Unter
der Bezeichnung „Rote Kapelle“ fasste die Gestapo während des Zweiten
Weltkrieges verschiedene nicht oder nur lose miteinander verknüpfte
Gruppen von NS-Regimegegner zusammen, von denen einige in Kontakt mit
sowjetischen Agenten standen. Zu den bekanntesten Mitgliedern der
„Roten Kapelle“ zählten der Luftwaffenoffizier Harro Schulze-Boysen und
der Jurist Arvin Harnack, deren Netzwerk zwischenzeitlich bis zu
hundert Personen umfasste.
Ein von der deutschen Spionageabwehr abgefangener Funkspruch im April
1941 führte schließlich zur Entdeckung der Gruppe und löste eine
Verhaftungswelle aus. Im Reichsicherheitshauptamt wurde eine
„Sonderkommission Rote Kapelle“ gegründet. In der Folge wurden
zahlreiche Mitglieder der Gruppe zum Tode verurteilt oder starben bis
1945 in Haftanstalten und Konzentrationslagern.
1945 galt die „Rote Kapelle“ als praktisch nicht mehr existent.

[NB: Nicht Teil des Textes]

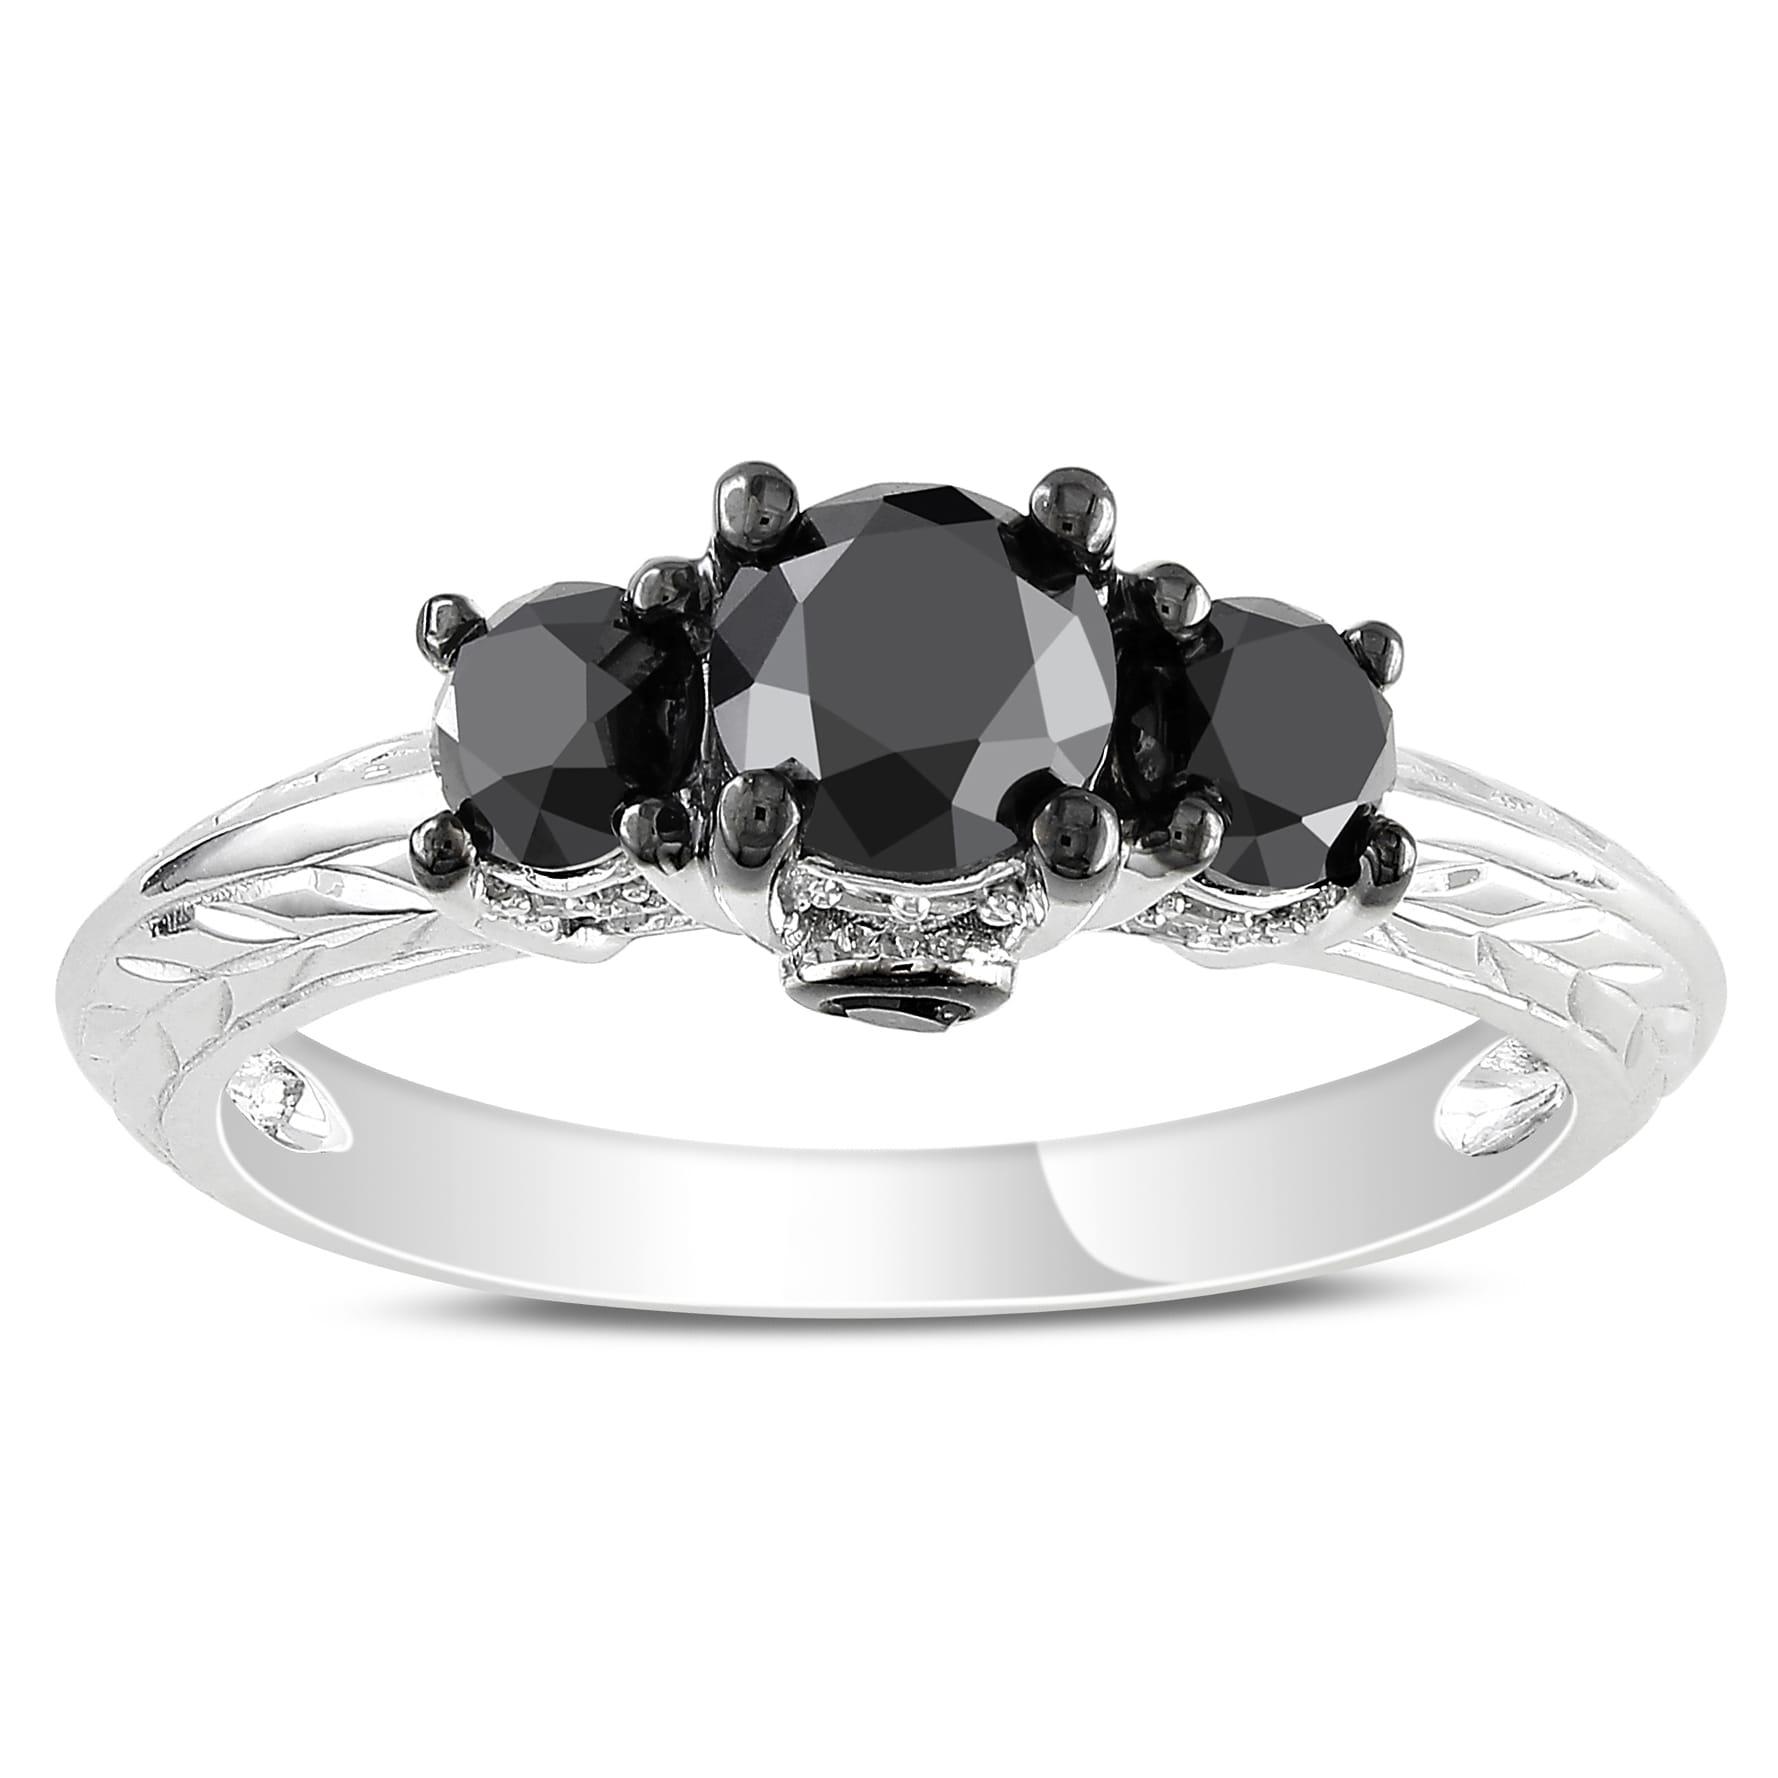 Miadora 14k Gold 1 1/2ct TDW Black and White Diamond 3-Stone Plus Classic Engagement Ring (G-H, I1-I2)

In den Verhören ehemaliger Mitglieder von Gestapo und SS durch
Vernehmungsoffiziere der westalliierten Nachrichtendienste erlebte die
„Rote Kapelle“ in den Nachkriegsjahren jedoch eine unerwartete
Wiederauferstehung. Verschiedene Mitarbeiter des
Reichsicherheitshauptamtes, darunter unter anderem der ehemalige
SS-Hauptsturmführer Horst Kopkow, gaben zu Protokoll, dass lediglich
ein kleiner Teil des kommunistisch-sowjetischen Agentennetzwerkes
tatsächlich enttarnt worden sei, während die meisten Mitglieder nach
wie vor als Spione für die Sowjetunion agieren würden.
Vor dem Hintergrund des Kalten Krieges und der wachsenden Kluft
zwischen den ehemaligen Verbündeten der Anti-Hitler-Koalition stießen
diese Informationen auf großes Interesse. Ende der 1940er-Jahre
leiteten britische und US-amerikanische Nachrichtendienste, bald
gefolgt von westdeutschen Behörden, umfangreiche Ermittlungen gegen
tatsächliche und vermeintliche Mitglieder der „Roten Kapelle“ ein. In
einigen Fällen reichten bereits verwandtschaftliche Beziehungen oder
nicht verifizierbare, vage Aussagen ehemaliger Gestapo-Mitarbeiter, um
überwachungsmaßnahmen einzuleiten.
Tatsächlich führten die Ermittlungen gegen die „Rote Kapelle“ nach 1945
zu keinem Ergebnis und wurden schließlich Mitte der 1960er-Jahre
eingestellt. Das Bild eines sowjetischen Agentenrings blieb dennoch
über mehrere Jahrzehnte im Bewusstsein der westdeutschen Gesellschaft
verankert. Erst in den 1990er-Jahren wurden die Mitglieder der „Roten
Kapelle“ als Teil des NS-Widerstandes gewürdigt. Die Urteile der
NS-Justiz wurden schließlich 2009 aufgehoben.